SPD und Grüne wollen jeden Steuerflüchtling zur Kasse bitten

"Was wollen wir eigentlich?", fragt Koschyk angesichts dieser Hängepartie. "Wollen wir mit CDs einige Steuerhinterzieher von zwei oder drei Banken bestrafen? Oder wollen wir per Abkommen alle Deutschen bei 370 Schweizer Banken Steuern zahlen lassen?"

Doch SPD und Grüne sind fixiert darauf, jeden einzelnen Bundesbürger mit Schweizer Schwarzgeldkonten zur Rechenschaft zu ziehen, so hypothetisch dies auch sein mag. Im Feuereifer gegenüber den Eidgenossen übersehen sie, dass die EU-Mitgliedstaaten Österreich und Luxemburg in Sachen Transparenz weit weniger kooperativ sind als die Eidgenossen. Beide Länder sperren sich gegen einen automatischen Informationsaustausch, weil sie ihre Kunden nicht ans Messer der deutschen Finanzbehörden liefern wollen. In Österreich gibt es immer noch anonyme Sparbücher bis zu einer Höhe von je 15 000 Euro. Österreich und Luxemburg stehen genauso wie die Schweiz auf der OECD-Beobachtungsliste mit steuerrechtlichen Defiziten.

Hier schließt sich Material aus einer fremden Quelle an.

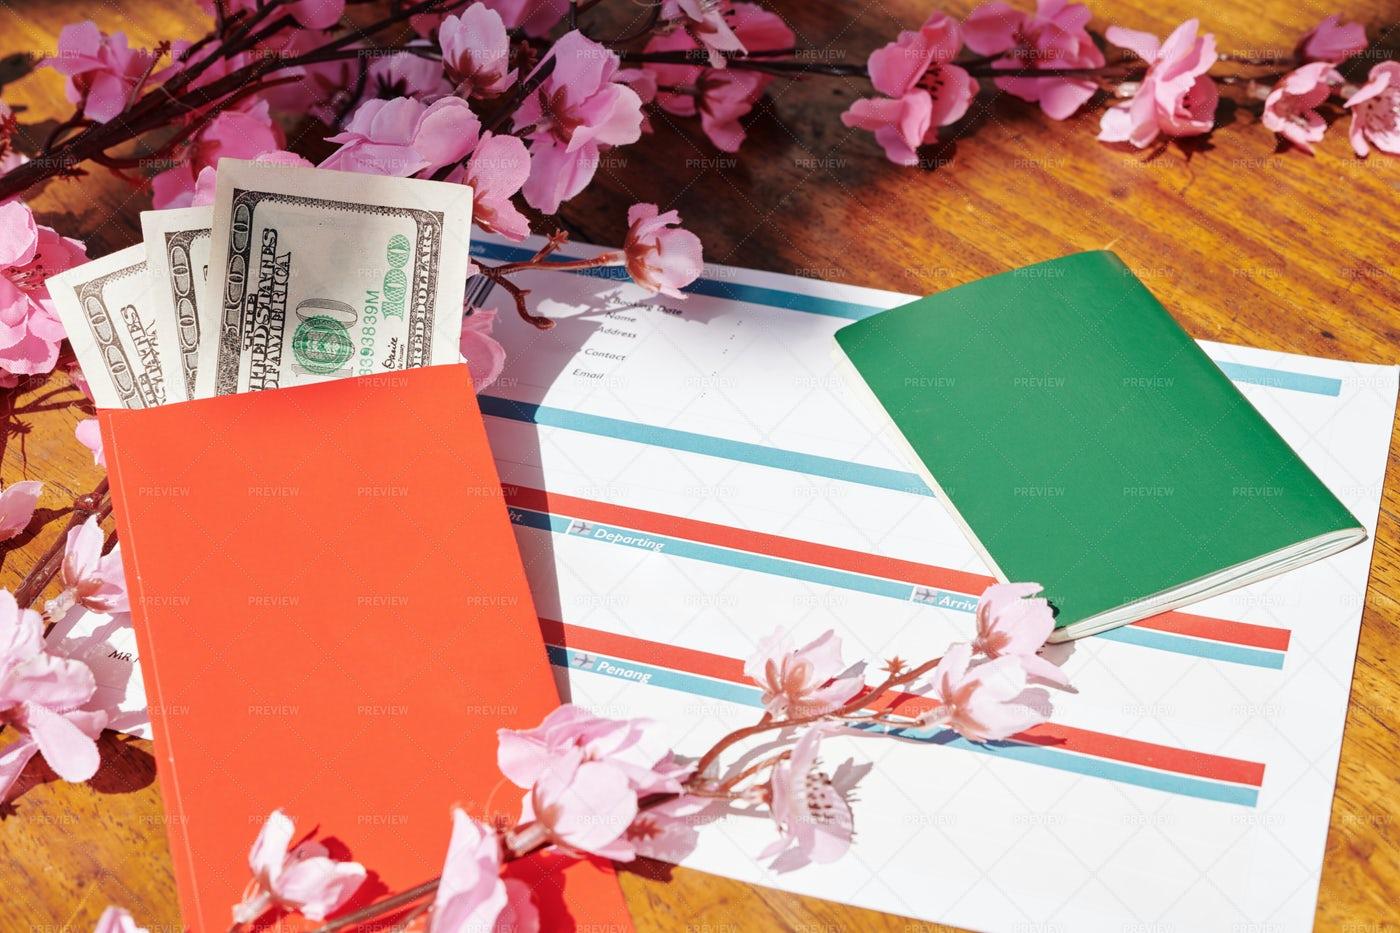 Plane Tickets And Lucky Money Envelopes: Stock Photos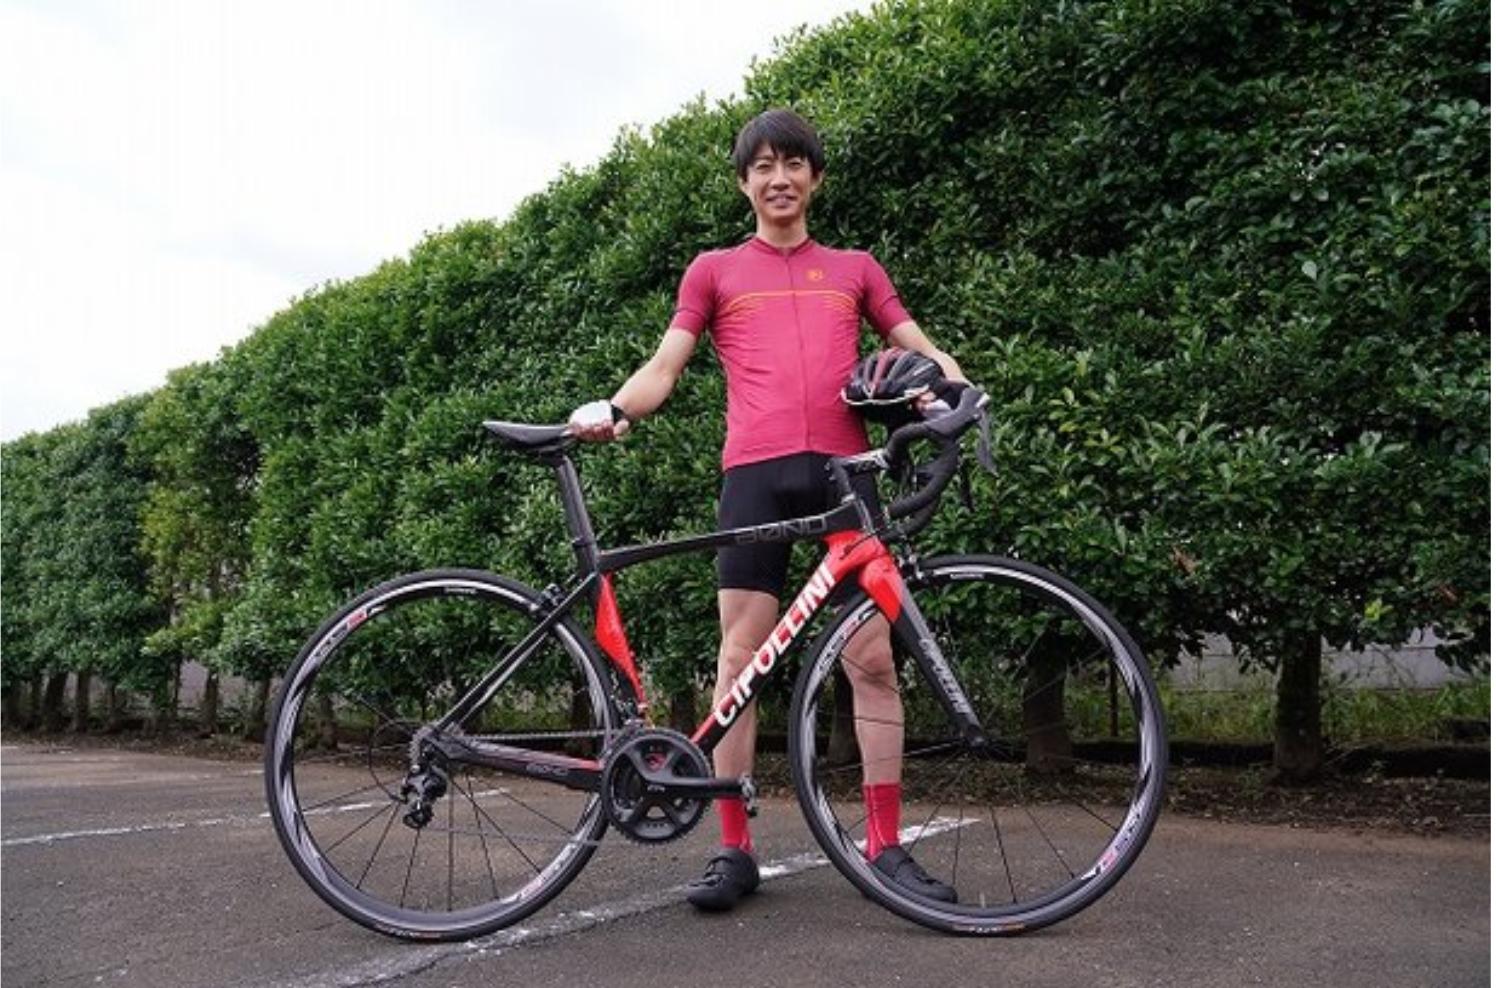 2019年の24時間テレビ主演、嵐の相葉雅紀 自転車とともに

Die Verträge mit der Schweiz, Singapur und auch Montserrat fügen sich in Schäubles Strategie, die auf Peitsche und Zuckerbrot, Kommunikation und Kooperation aufbaut. Der steht die Schrotschuss-Politik von Walter-Borjans und Steinbrück diametral gegenüber. Setzt NRW weiter auf den Ankauf von Steuer-CDs und verweigert die Zustimmung zum deutsch-schweizerischen Abkommen, dann "führen wir den Status quo weiter", sagt der Schweizer Finanzstaatssekretär Ambühl. Dann gebe es keine Vergangenheitsregulierung, keine flächendeckende Nachversteuerung und nur Amtshilfe nach dem OECD-Mindeststandard.

Keine Frage: Ohne ein Abkommen mit der Schweiz bliebe Schäubles Strategie nur Stückwerk – doch mit dem Abkommen käme die Vertreibung der Steuersünder auch aus den letzten Paradiesen in Gang.